Knowledge – its very disciplines – are today locked in a struggle for survival on university campuses in India. It is a bloodless war, but no less brutal for that. Most people in India remain blissfully unaware of this conflict and carry on with their business. On one side stand those who defend knowledge, armed with nothing but their training, their discipline, and their commitment to intellectual integrity. On the other side are the invaders, wielding a far more lethal weapon: nationalism, sharpened into its Hindutva form.

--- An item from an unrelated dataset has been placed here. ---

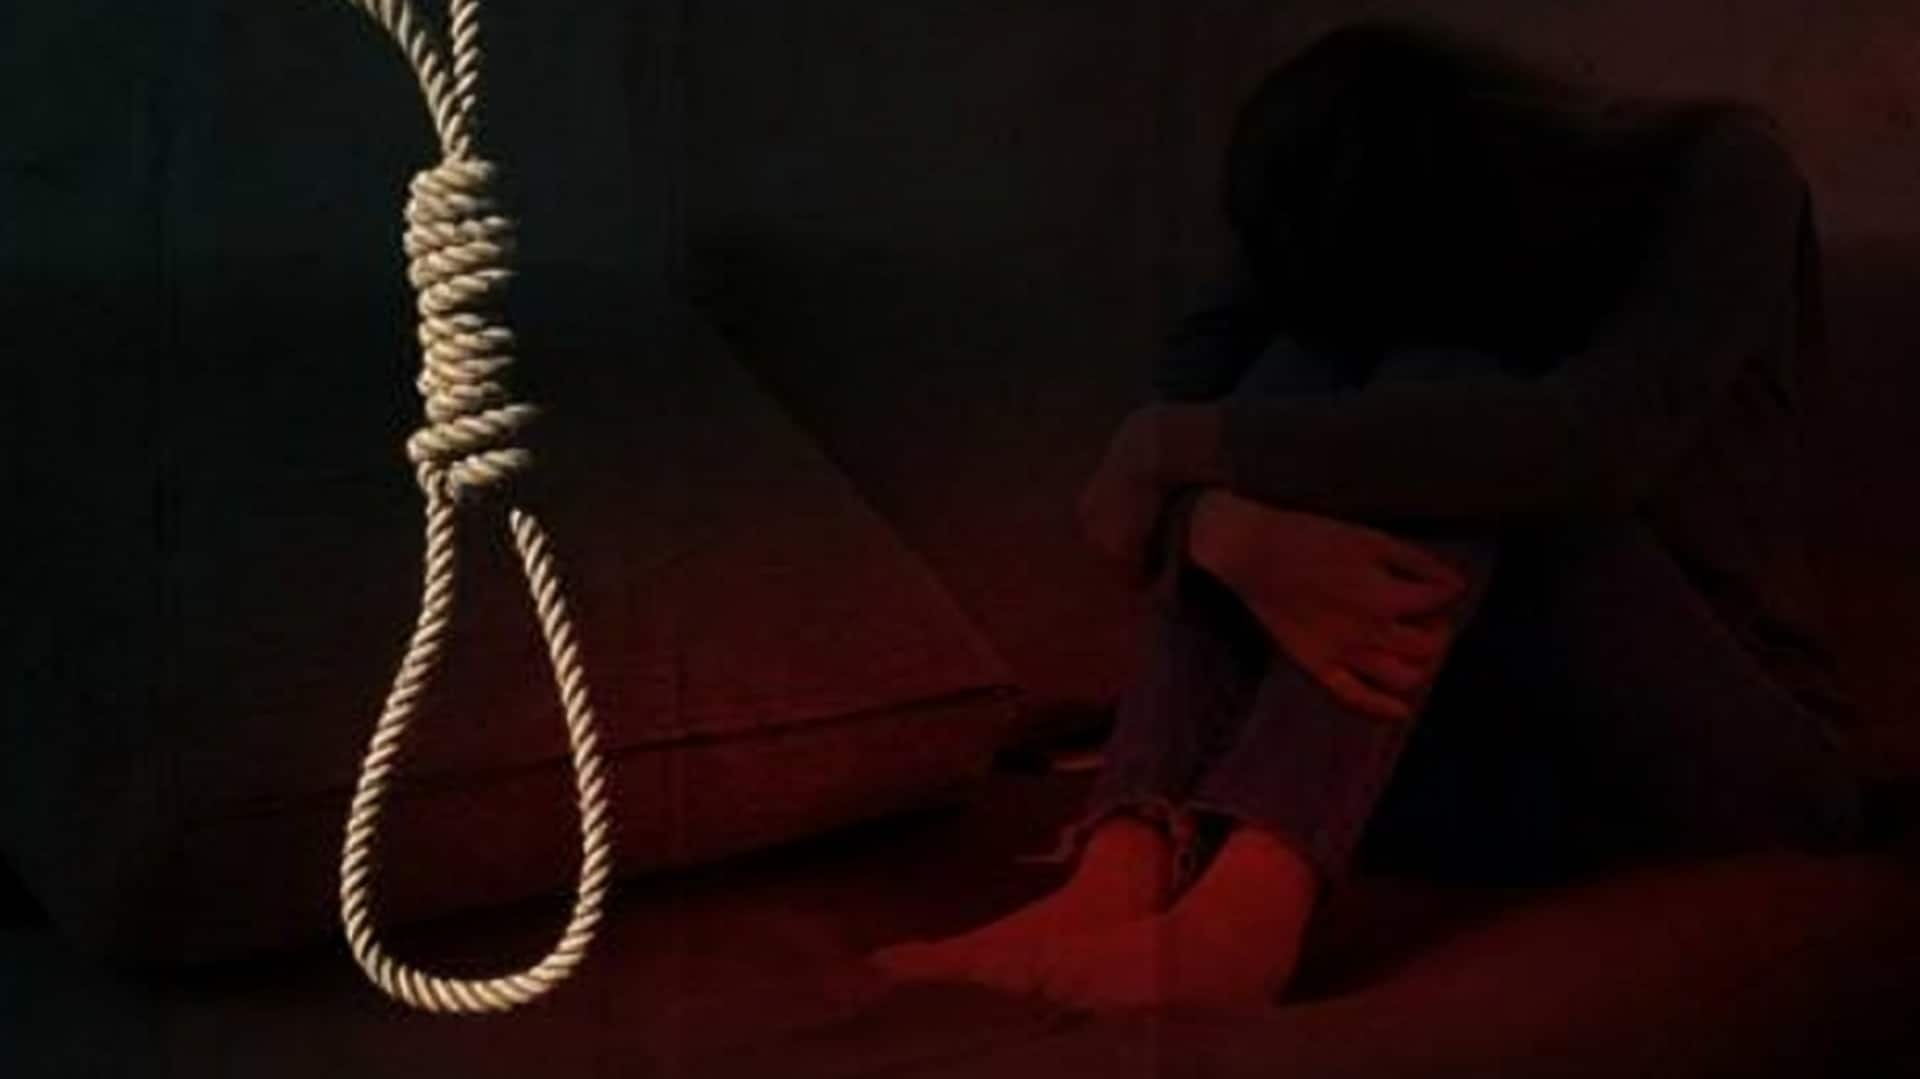 IIT कानपुर की PhD छात्रा ने फांसी लगाकर खुदकुशी की, 1 महीने में तीसरी आत्महत्या

For the past eleven years, the making of syllabi has turned into a continuous tug-of-war. Hapless department heads have had to defend their curricula against volleys of nationalist and “Indianist” sophistry. Whatever the discipline – particularly in the humanities and social sciences – the moment words such as caste, gender, discrimination, sexuality, or LGBTQ appear, administrative representatives react with hostility. Foreign authors and thinkers provoke a similar unease. In their haste to “Indianise” knowledge, committee members do not hesitate to browbeat subject experts.

https://thewire.in/education/at-delhi-university-indianisation-of-syllabi-is-hollowing-out-knowledge 

It would be wrong to say that everything is lost. As I have noted earlier, many department heads and teachers continue to devise ways to protect the dignity of their disciplines. Sometimes they succeed; sometimes they are forced into compromise. It would not be an exaggeration to say that Indian universities have become battlefields where a fierce struggle is underway between knowledge and Hindutva ideology. Knowledge itself cannot fight. On its behalf stand those teachers who still remain teachers, entering committee meetings prepared to counter an endless barrage of Hindutva idiocy.